If the rescue knows you at all, it will be the rescue begging you to take such and such a dog. The dog would probably be a higher energy dog that needs to be placed in a home such as yours that would be doing something structural with the dog. I know that my daughter has a Miniature American Shepherd / ACD mix. This mix is not too big and I know where all the pups ended up. The pups did not get big and they all have a smooth coat. A couple are doing agility and herding. They are doing great in that field. Just thought I would mention this mix. It might be something that would interest you. Good luck on your search.


----------



## Laurelin (Nov 2, 2006)

Welp, we have Hank now. I am pretty sure he's a keeper but we're still working some things out.

What struck me about him was his posting seemed like he was a good, stable dog. I liked his size- he is roughly large sheltie sized. 

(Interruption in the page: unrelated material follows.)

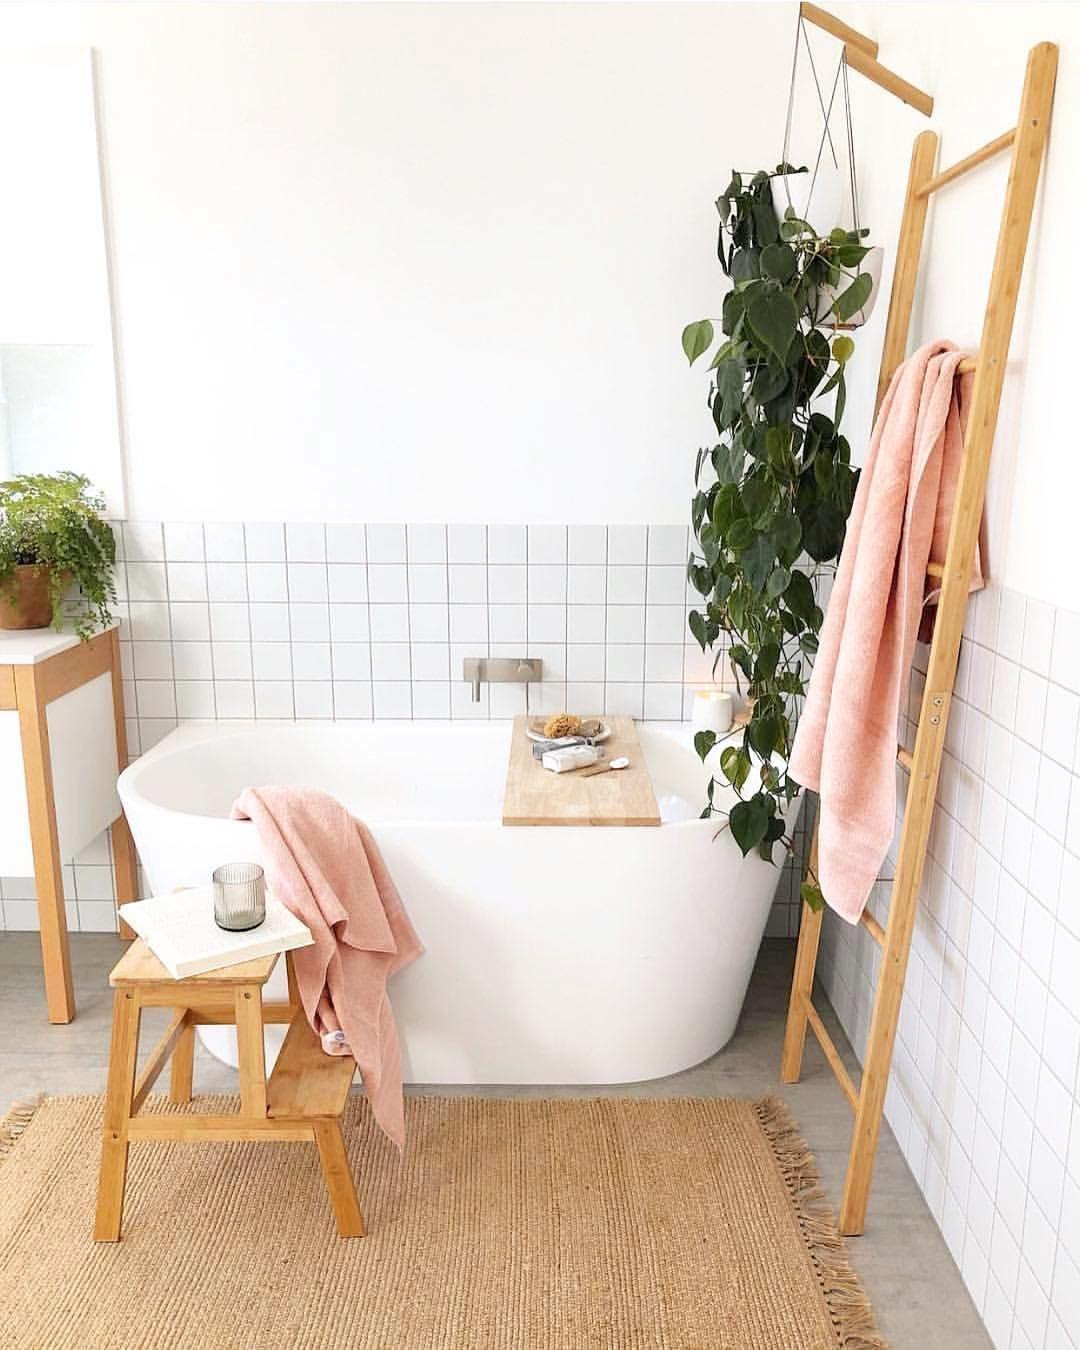 bright and light bathroom white bathtub wood ladder rack vivid vines white ceramic tile walls flat woven runner with fringed tassels wood stool

I went to the shelter to meet and greet and I liked the following:

- Confident in that shelter environment
- friendly and outgoing with people
- willing to play with other dogs
- playing with all the toys
- fast runner from what I could tell
- people oriented
- seemed smart but that is hard to tell

So far it is going well. He is very driven, very observant. Scary smart and trainable. Seriously in 1 day his sit was more consistent than both Mia and Summer's and in distraction too. (and around things that ramp him up like balls and such). My trainer likes him and his build and agulation. I've got a couple structural things I'm not too thrilled with (topline is a bit wonky) but his rear is nic enad he can FLY. He has springs for legs. 

Training is a breeze. He picks it up well and fast. So much enthusiasm.

He has very intelligent eyes. That sounds kind of corny but it is true. You can just see cogs working all the time. He is less impulsive than Mia and more thoughtful.

I am wondering if I really did luck out with the first dog...


----------